We also evaluated the lower limit of radioactivity needed for visualization in vivo. We found that radioactivity <0.1 MBq/mL could not be visualized on the scanner images under the acquisition conditions described above (Fig. 3). The threshold of radioactivity for visualization was estimated to be 0.2–0.5 MBq/mL (or g) under the examined conditions. There are few reports on the threshold for visualization with small animal dedicated SPECT scanners. Pissarek et al. [21] reported a threshold level of 0.4–2 MBq/g of tissue for visualization of mouse brain and heart using [99mTc] hexamethylpropyleneamine oxime, [123I] iodophenylpentadecanoic acid, and [99mTc] sestamibi using a Triad 88/Trionix system with three 6-pinhole collimators.

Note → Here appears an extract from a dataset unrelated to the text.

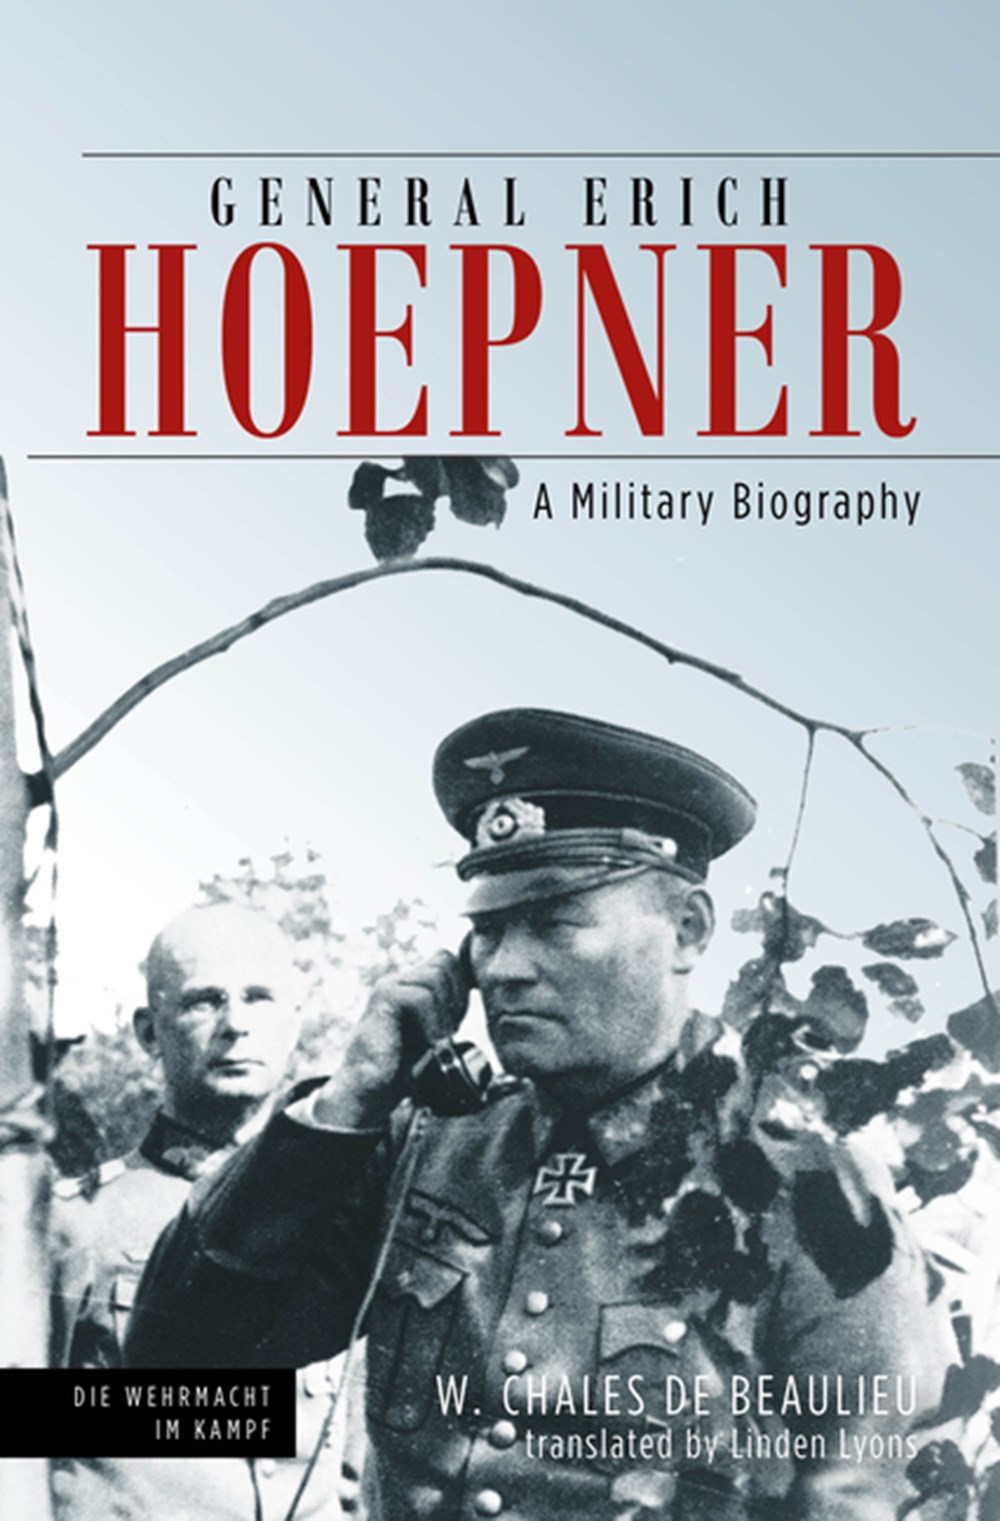 General Erich Hoepner: A Military Biography

Their values were consistent with our results, and the reported image resolution was also similar to ours. Therefore, our threshold values seem to be much to the point. We should note that very good correlation was observed between the SPECT values based on the ROI and the actual radioactivity even for levels <0.1 MBq/mL, under the visualization threshold. These results indicate the excellent quantitative performance of the scanner.

It is no easy task to accumulate radioactivity counts in the tumor higher than the threshold level mentioned above. To achieve the necessary level, administration of a substantial amount of radiopharmaceuticals, such as 10–74 MBq/mouse, would be needed. Actually, this and higher amounts of radiopharmaceuticals have been administered in studies on small animal SPECT imaging [2, 11, 13, 21, 22]. The level is almost the same as the dose per human in conventional clinical SPECT tests. On the other hand, the body weight ratio of a mouse to a human is about 1:2000–3000, and the volume that can be intravenously injected into a mouse is 0.2–0.3 mL at most. Therefore, radiopharmaceuticals with high specific activity and high concentration are needed [23]. To meet these requirements, we used 111In-labeled liposomes. We have previously reported on the preparation of 111In-labeled liposomes with high radioactivity and excellent tumor accumulation of the liposomes [15, 16]. Currently, liposomes are drawing attention as multifunctional nanoparticles for imaging, delivery, and targeting in cancer therapy [12, 24, 25].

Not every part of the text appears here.